Let $f(x,y):\mathbb{R^2} \rightarrow \mathbb{R}$, where $A \subset \mathbb{R^2}$ is convex, $f_x, f_y$ are bounded on $A$. How does one actually show that $f$ is uniformly continuos on $A$? I imagine that I have to use Mean Value theorem like that: $$|f(x_0, y_0) - f(x,y)| \leq |f(x_0,y_0) - f(x, y_0)| + |f(x, y_0) - f(x, y)| \leq M|x-x_0| + M|y-y_0|$$ where $M$ is some bound on partial derivatives. How do I get this bound from a convex set?
I have one more question. Why do I need set $A$ to be convex? I don't see how to get a counter-example.

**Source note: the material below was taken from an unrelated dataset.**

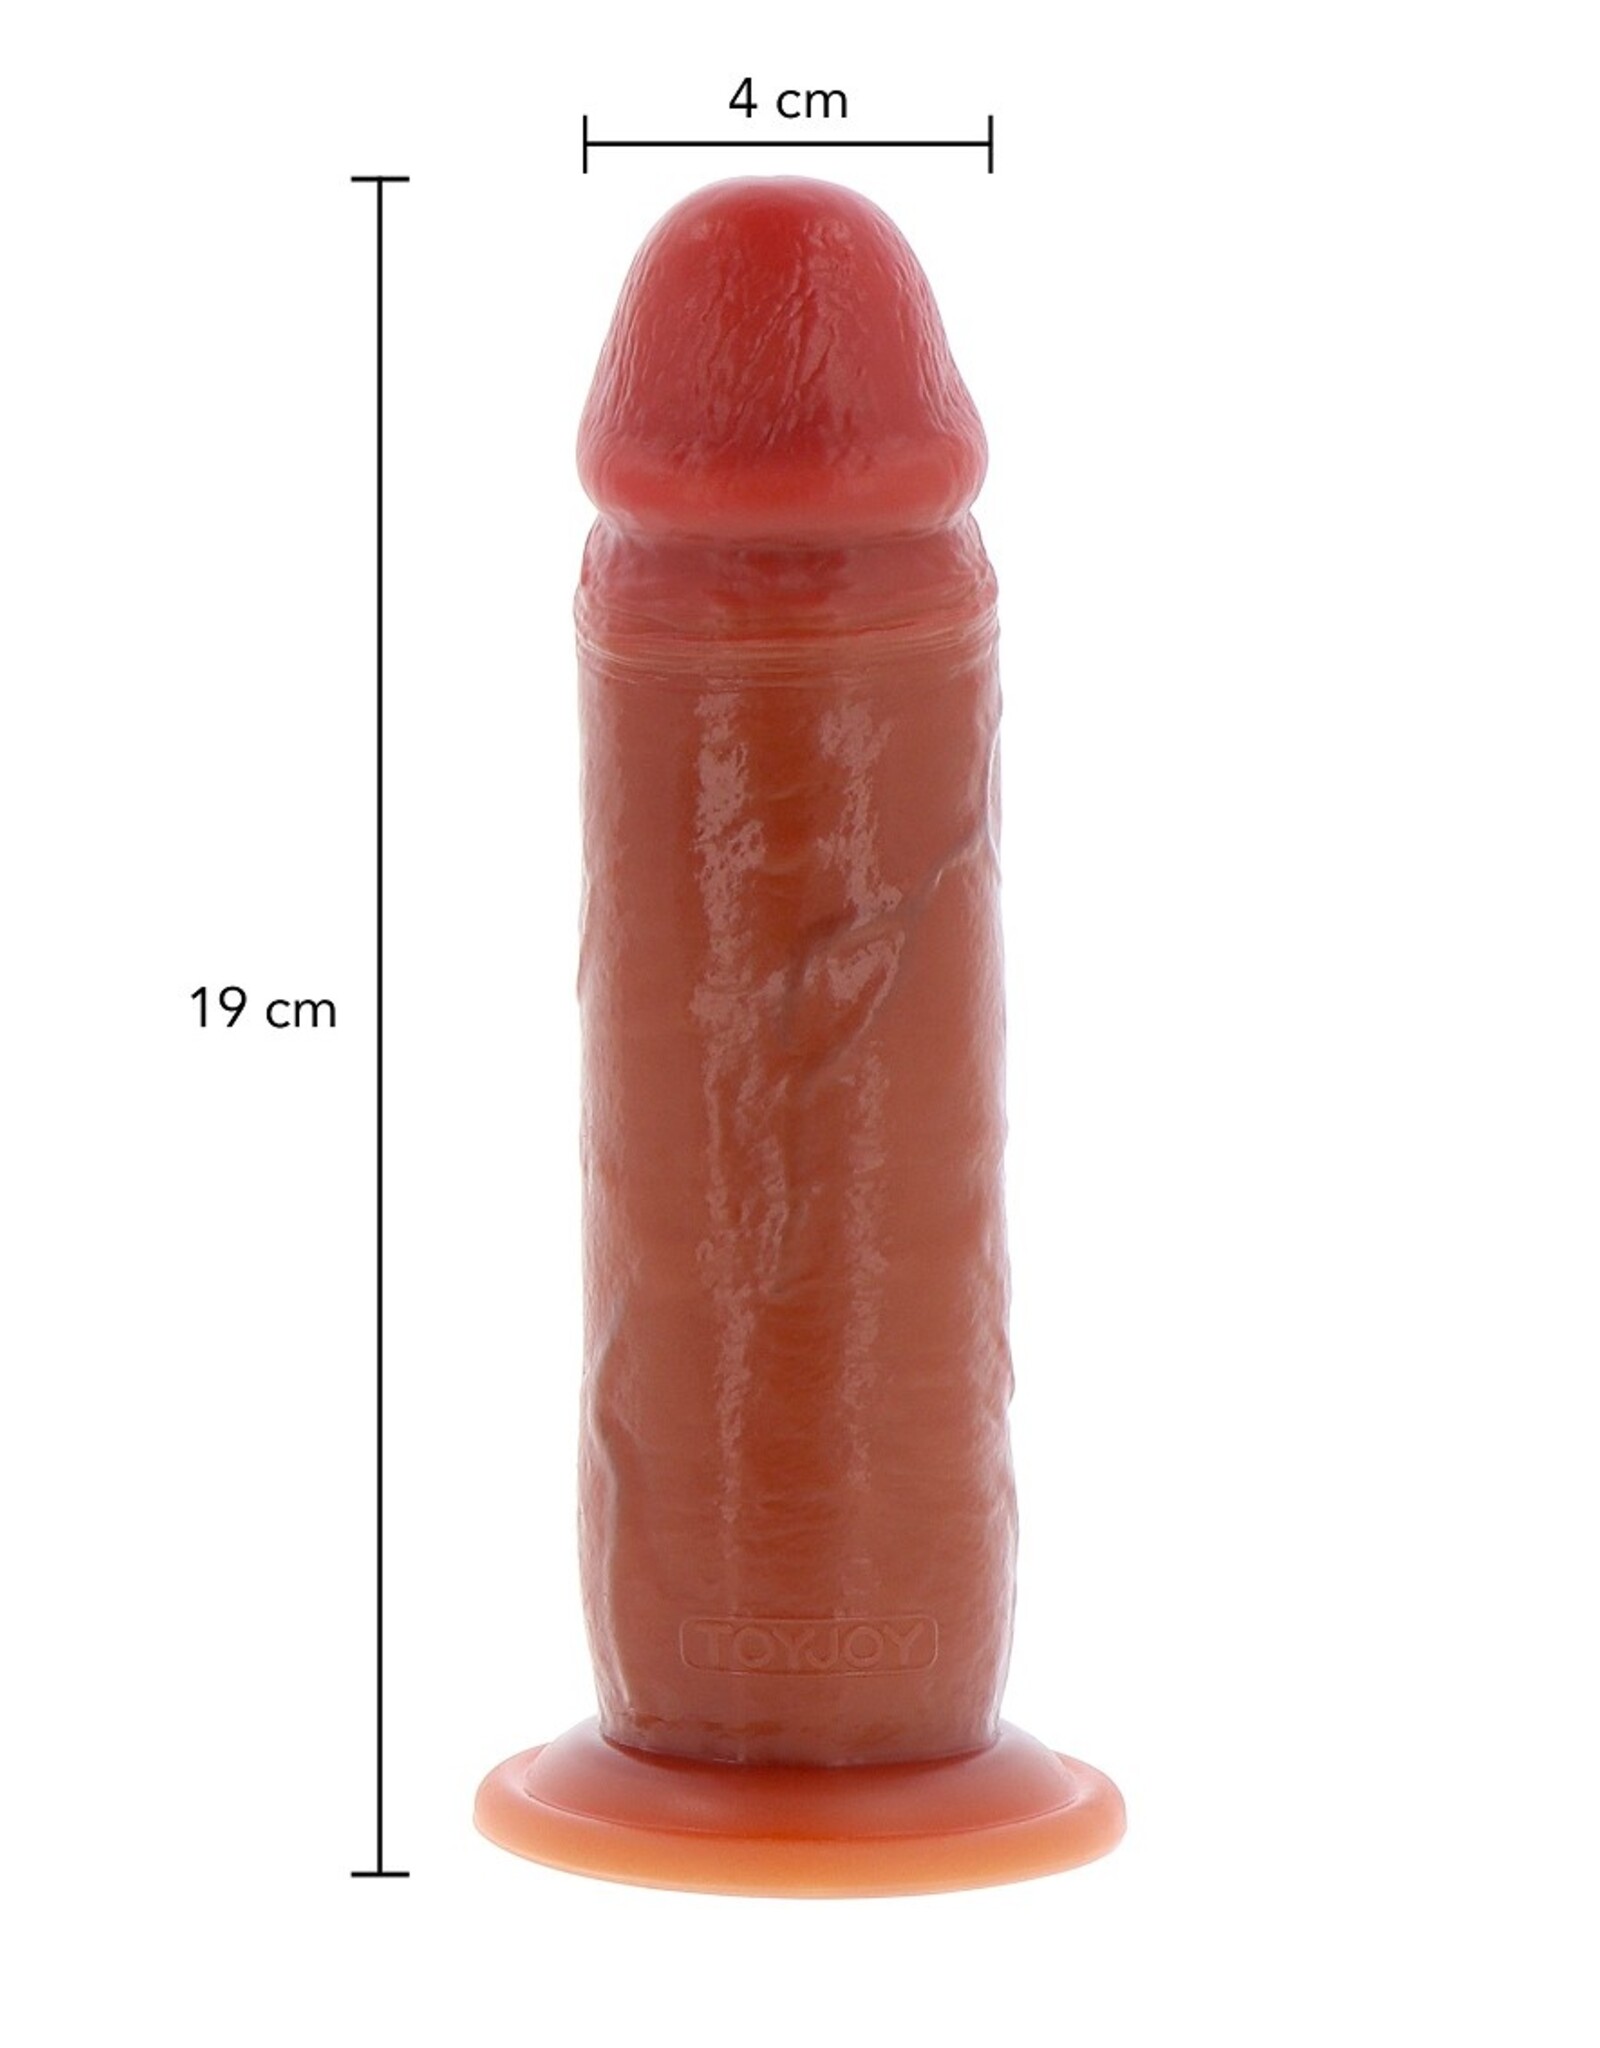 ToyJoy Get Real Silicone Foreskin Dong 19 cm

Let $M$ be an upper bound of both $f_x$ and $f_y$. Take $(x_1,x_2),(y_1,y_2)\in A$. For each $t\in[0,1]$, let$$\varphi(t)=f\bigl((1-t)(x_1,x_2)+t(y_1,y_2)\bigr).$$Then\begin{align*}\varphi'(t)&=Df_{(1-t)(x_1,x_2)+t(y_1,y_2)}((y_1,y_2)-(x_1,x_2))\\&=f_x((1-t)(x_1,x_2)+t(y_1,y_2)).(y_1-x_1)+\\&\phantom=+f_y((1-t)(x_1,x_2)+t(y_1,y_2)).(y_2-x_2)\end{align*}and therefore$$|\varphi'(t)|\leqslant M\bigl(|y_1-x_1|+|y_2-x_2|\bigr)\leqslant\sqrt2M\|(y_1,y_2)-(x_1,x_2)\|.$$So, by the mean value theorem,$$|f(y_1,y_2)-f(x_1,x_2)|=|\varphi(1)-\varphi(0)|\leqslant\sqrt2M\|(y_1,y_2)-(x_1,x_2)\|.$$Since this occurs for each two points of $A$, then, given $\varepsilon>0$, if you take $\delta=\frac\varepsilon{\sqrt2M}$, you have$$\|(y_1,y_2)-(x_1,x_2)\|<\delta\implies\bigl|f(y_1,y_2)-f(x_1,x_2)\bigr|<\varepsilon.$$
If $A$ is not convex, you may take $A=\{(x,y)\in\Bbb R^2\mid y\neq0\}$ and $f(x,y)=\operatorname{sgn}(y)$. Then $f_x$ and $f_y$ are bounded, but $f$ is not uniformly continuous.